Perhaps the movie feels restrained because of its PG-13 rating: its touchstones are clearly Richard Curtis’s rom-coms of the 1990s and early 2000s eg. For example, when Kat decides to attend the school prom as Charlie’s plus one, everyone is so awkward but friendly, and no one’s worried about a student playing a prank similarly, none of the classmates of Charlie’s daughter Lou (Chloe Coleman) make fun of her father’s unusual situation, even though kids can be cruel! The film is so intent on being a gentle, conflict-free experience that Kat behaves surprisingly courteously towards her ex-fiancé Bastian (Maluma), which strains our credulity even more than the main premise.
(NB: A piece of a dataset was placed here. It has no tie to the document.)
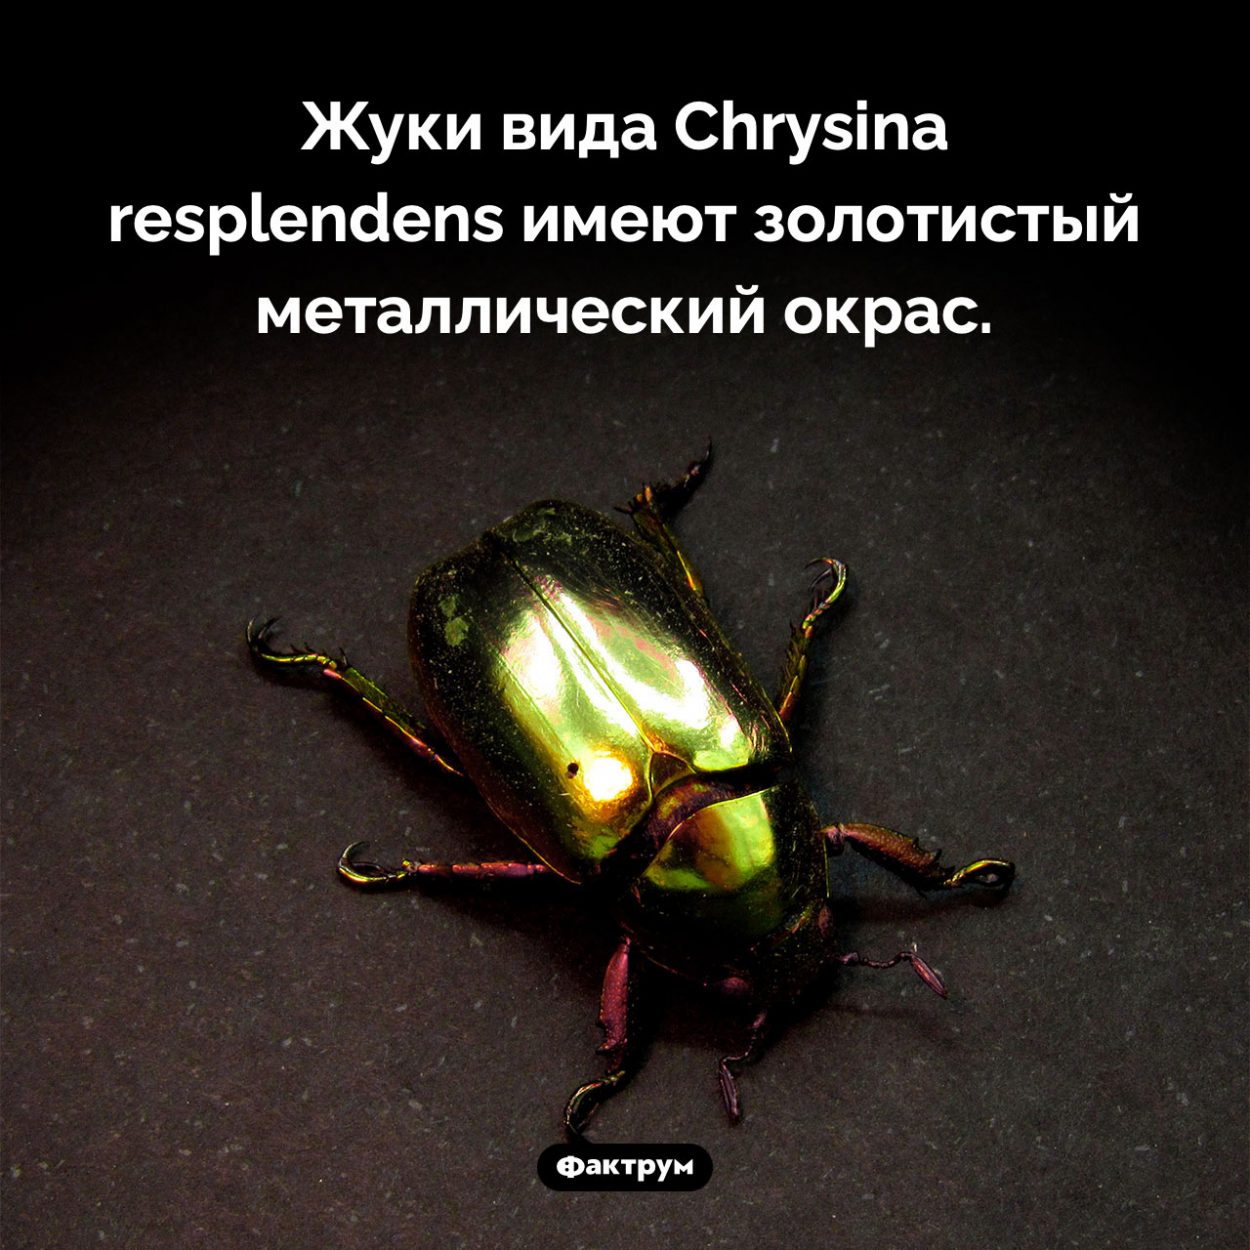 Зеркальные жуки. Жуки вида Chrysina resplendens имеют золотистый металлический окрас.

You can imagine the filmmakers wanted to avoid obvious scenarios, like having Charlie get sunburned on a vacation with Kat, or embarrass himself at a celebrity soirée, but what we get instead is so amiable it becomes uninteresting. And there’s the rub: Marry Me is so determined to be a pleasant and relaxed romance, that it becomes plodding as a result - there’s a lot of sweet and sentimental scenes of Lopez and Wilson’s characters just getting to know each other, and enjoying each other’s company, but little else in the way of memorable comedy. It’s emblematic of Coiro (and screenwriters John Rogers, Tami Sagher, and Harper Dill)’s overall approach, which is to eschew obvious laughs in favor of gently contrasting the differences between Kat and Charlie’s lives, which sometimes results in great one liners, but for the most part aims to make you simply delight in them coming together. Wilson, meanwhile, utilizes his easygoing charm to perfectly persuade you he would go along to calm her down.
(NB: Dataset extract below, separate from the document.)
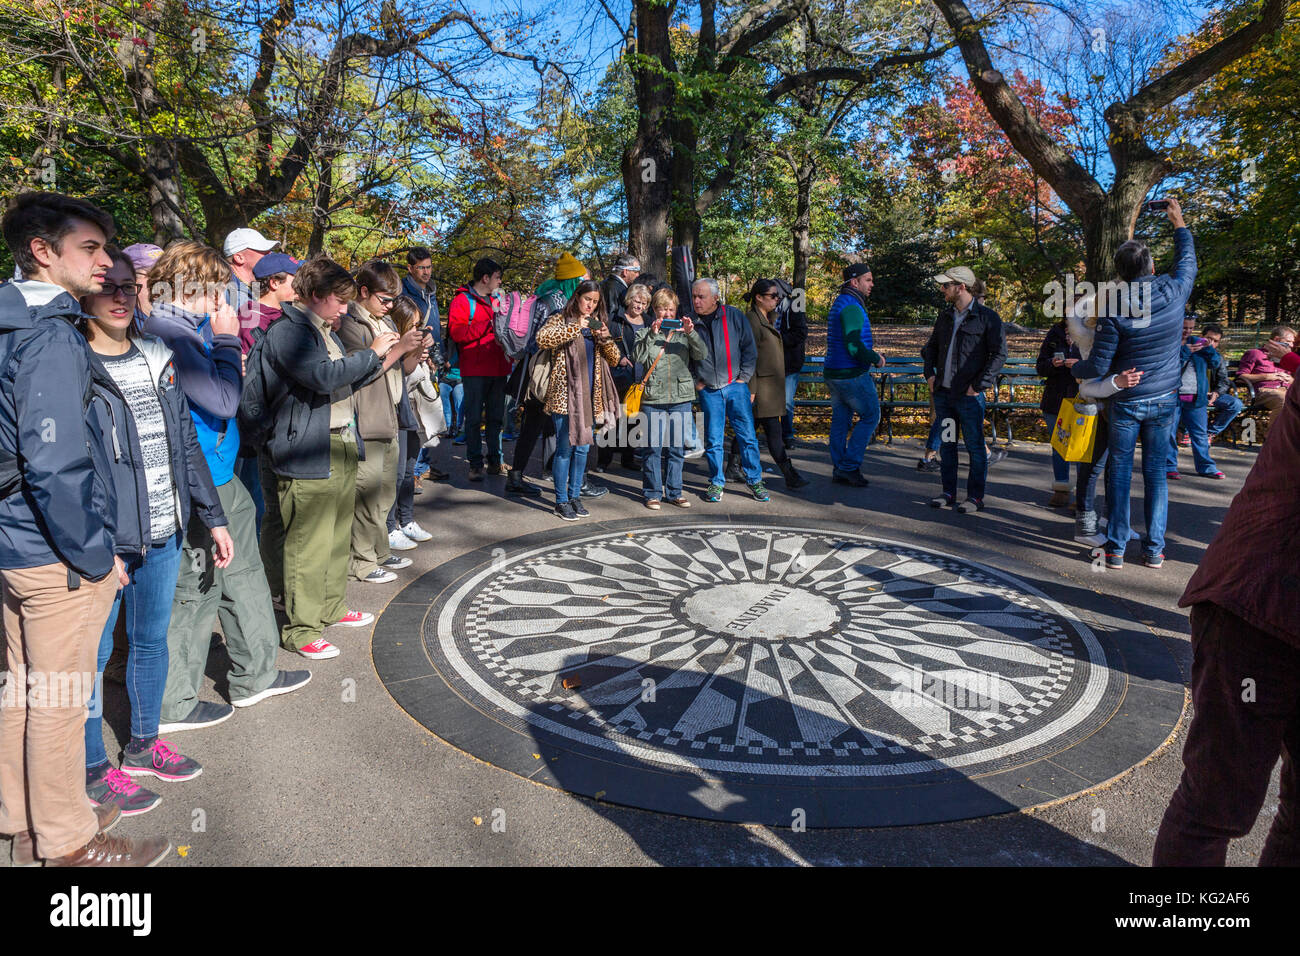 I turisti che circonda il mosaico immaginare a Strawberry Fields memorial a John Lennon, al Central Park di New York City, NY, STATI UNITI D'AMERICA Foto Stock

The parallels between Valdez and Lopez are pretty evident - it’s the first time she’s portrayed a singer since Selena - and you can’t help but feel she’s channeling her own relationship history into the character’s fear and heartbreak. It’s an absurd situation, and responsible for a good many laughs in the first half hour, as it’s the only way you can react to the unfolding disaster without wanting to curl up into a ball but Coiro makes sure the sequence, as contrived as it is, feel believable too, using the spare minutes beforehand to establish Kat’s anxiety about pulling off a perfect wedding. Rather than canceling the ceremony, she picks a stranger, Charlie (Wilson), a divorced maths teacher in the audience with his daughter and a friend, to marry her instead.



One of the most unlikely comic book movies of the year, She-Hulk director Kat Coiro’s romantic comedy Marry Me - based on the webcomic by Bobby Crosby and (an unfortunately uncredited) Remy “Eisu” Mokhtar - features Jennifer Lopez and Owen Wilson in the tale of a similarly unexpected pairing: Kat Valdez (Lopez), a pop star, discovers her fiancé cheated on her, moments before they are due to be married on stage.